Thesis of Guillaume Lefebvre


Subject:
Learning and exploiting semantic representations for hierarchical multi-label classification and learning object retrieval in the field of education and professional training

Start date: 14/12/2020
End date (estimated): 14/12/2023

Advisor: Alexandre Aussem
Coadvisor: Haytham Elghazel

Summary:

Inokufu was born from the convergence of two areas of expertise that were shared by the co-founders: andragogy and data sciences. The objective of the company is to combine extensive algorithmic analysis of educational data with a system of human, pedagogical, and business audits. In this manner, the educational data processed is of superior quality and can be utilized to develop Machine Learning and recommendation algorithms tailored to the domain of education and professional training.

The principal objective of this thesis project is to investigate, adapt, and develop sophisticated techniques for Hierarchical Multi-label Classification and Learning Objects retrieval, while addressing the specific characteristics of the educational and professional training domain. In particular, this thesis concentrates on learning semantic representations suitable for these tasks, based on Natural Language Processing methods adapted to the linguistic and semantic nuances specific to the domain of education and professional training.

Given the complex nature of this data, the requirements articulated by Inokufu encompass the following aspects:

  1. The capacity to process specialized terminology: texts from the domain of education and professional training employ specific terms that are frequently absent from general corpora. It is essential to obtain a model capable of understanding and exploiting these specialized terminologies, thereby ensuring that content is correctly represented and searchable. This enhances the precision of alignments between training offerings and user-expressed requirements.
     
  2. Hierarchical classification of educational and professional data: educational contents are often characterized by complex hierarchies (skills, certifications, and training paths). In order to navigate these structures in an efficient manner and assist users in locating the appropriate resources, it is essential to have a classification system that respects and reflects these hierarchies. The solution must enable content to be classified in a manner that preserves the relationships between different hierarchical levels, such as between general categories and their sub-themes.
     
  3. Effectiveness of semantic search: To enhance the user experience, it is essential to implement a semantic search that is capable of understanding the intentions of the users, even when they use approximate terms or varied expressions to describe their needs.

In order to address these requirements, this thesis presents two significant contributions:

  1. BERTEPro: a novel semantic representation framework tailored to texts within the domain of education and professional training.

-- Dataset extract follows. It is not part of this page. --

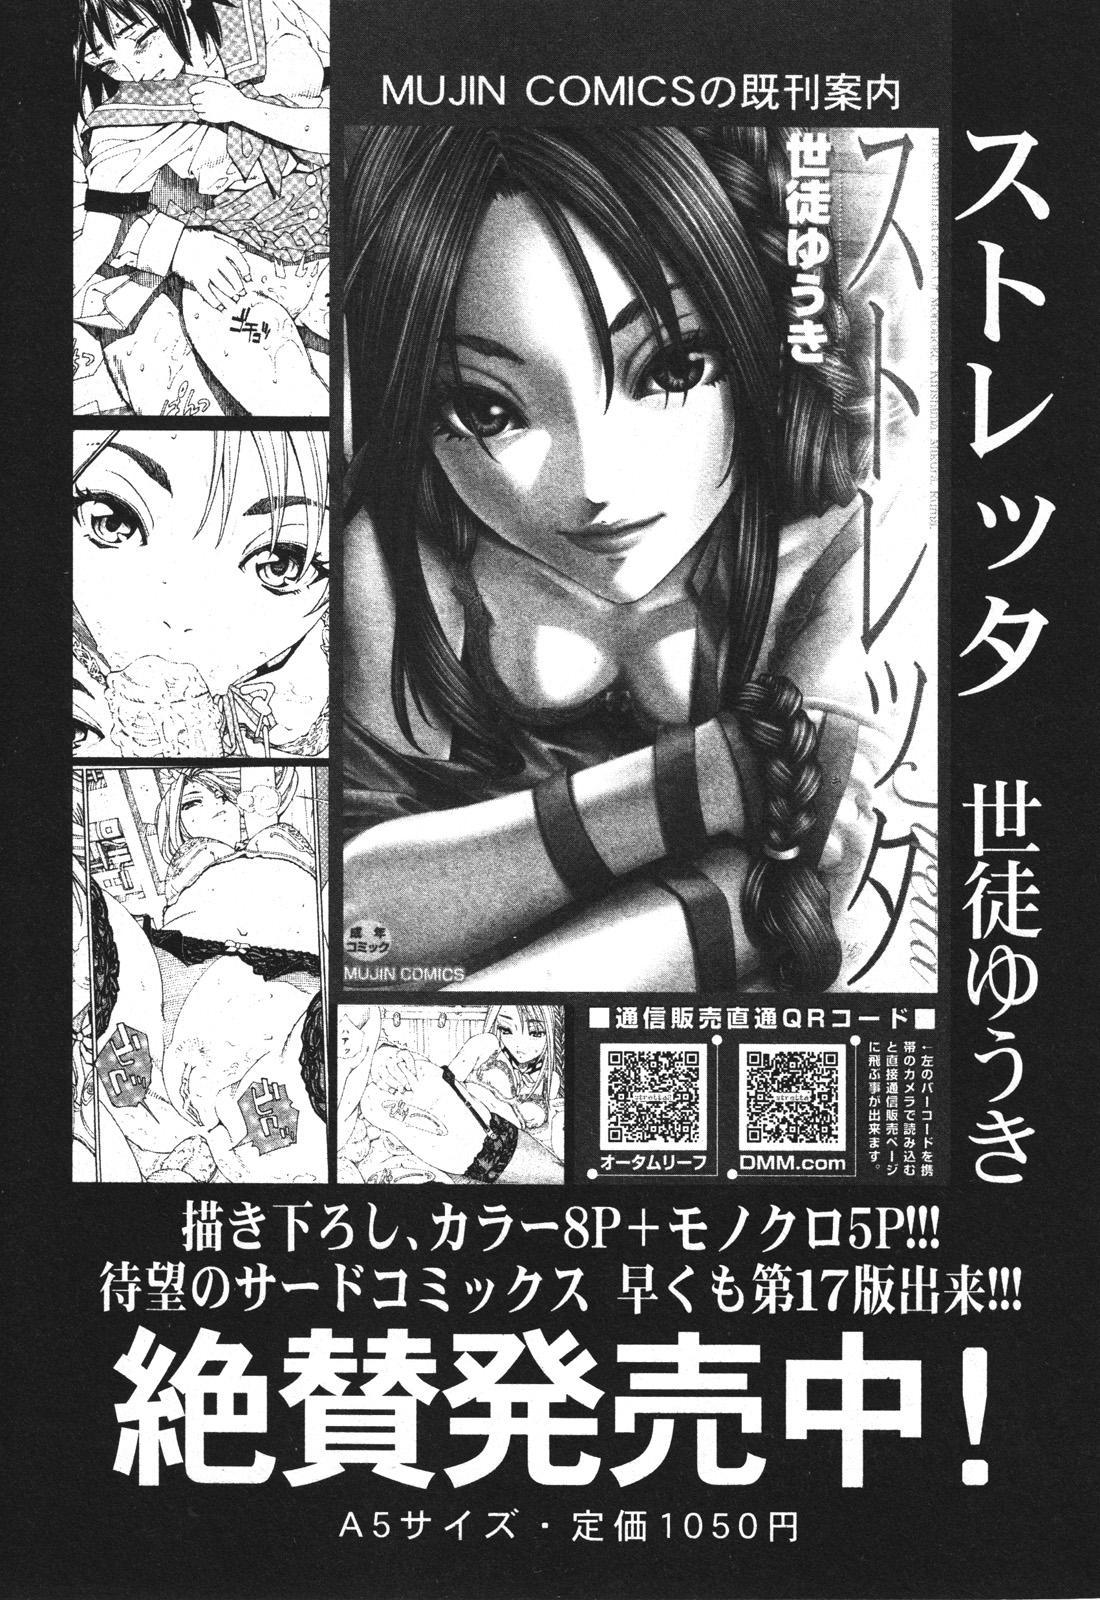 BUSTER COMIC 2010-05 Vol.07 107
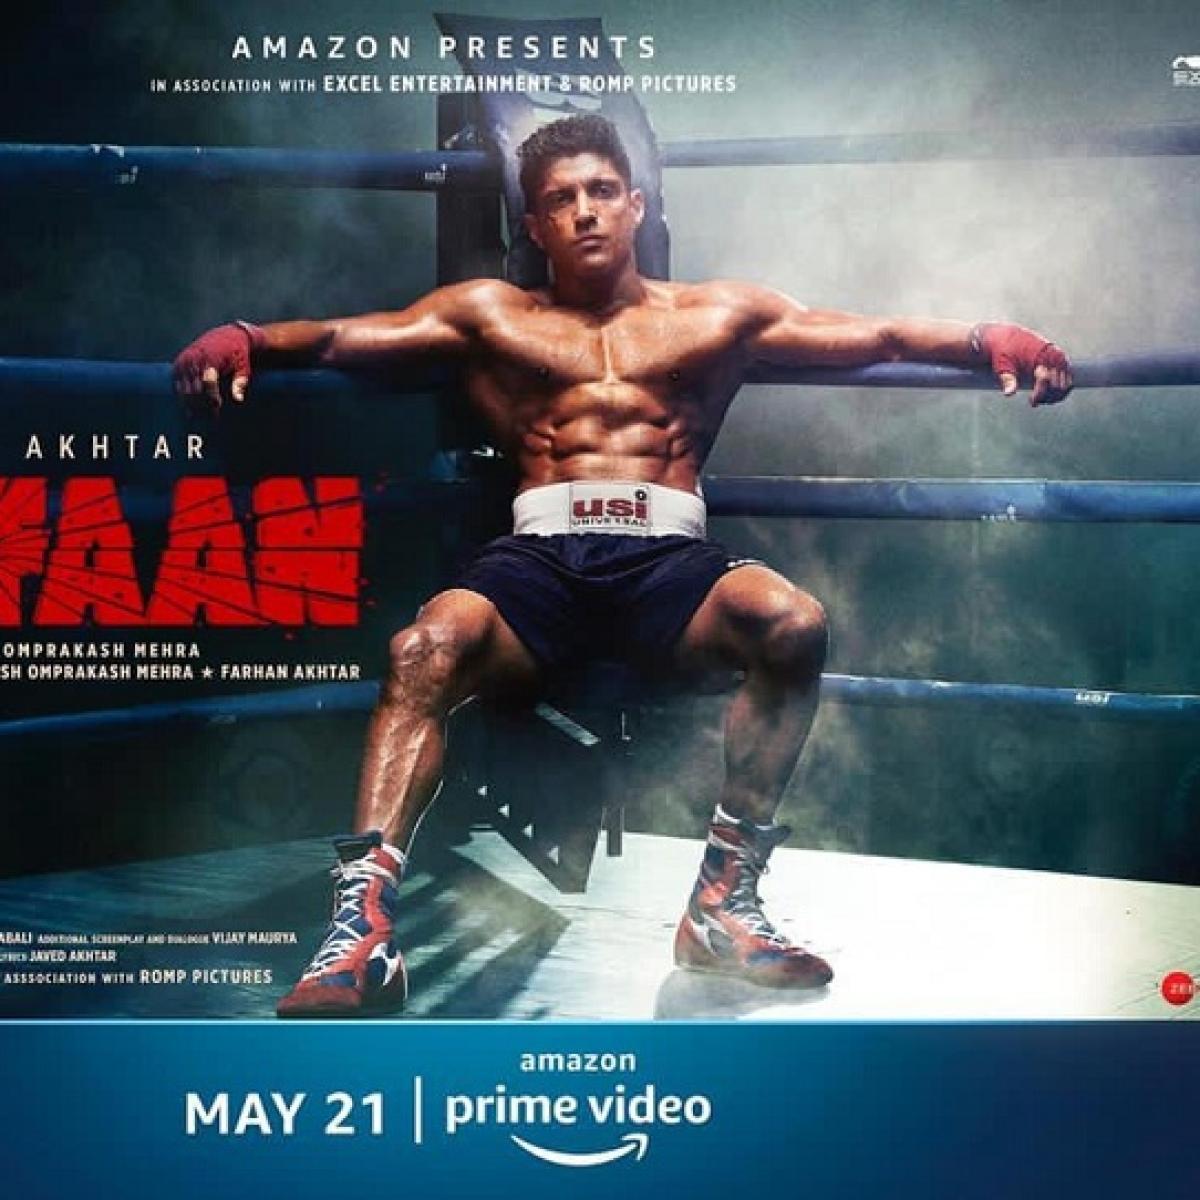 Shooting for Farhan Akhtar-starrer 'Toofaan' was a challenge for director Rakeysh Omprakash Mehra

By combining a specific pre-training phase on domain-specific corpora with fine-tuning on general tasks, BERTEPro facilitates a more nuanced comprehension of semantic nuances and the generation of precise and relevant representations, thereby enhancing the capacity to classify and search for educational content.
     
  2. HMCCCProbT: a Hierarchical Multi-label Classification framework that is capable of modeling both local and global dependencies within hierarchical structures in an efficient manner. By employing a probabilistic transmission mechanism, HMCCCProbT facilitates enhanced accuracy while limiting errors associated with the propagation of erroneous decisions at each level of the hierarchy.

These two complementary approaches have been validated by experiments on real-world datasets from the domain of education and professional training. They have demonstrated their capacity to enhance the quality of classifications and the search for Learning Object in an educational context.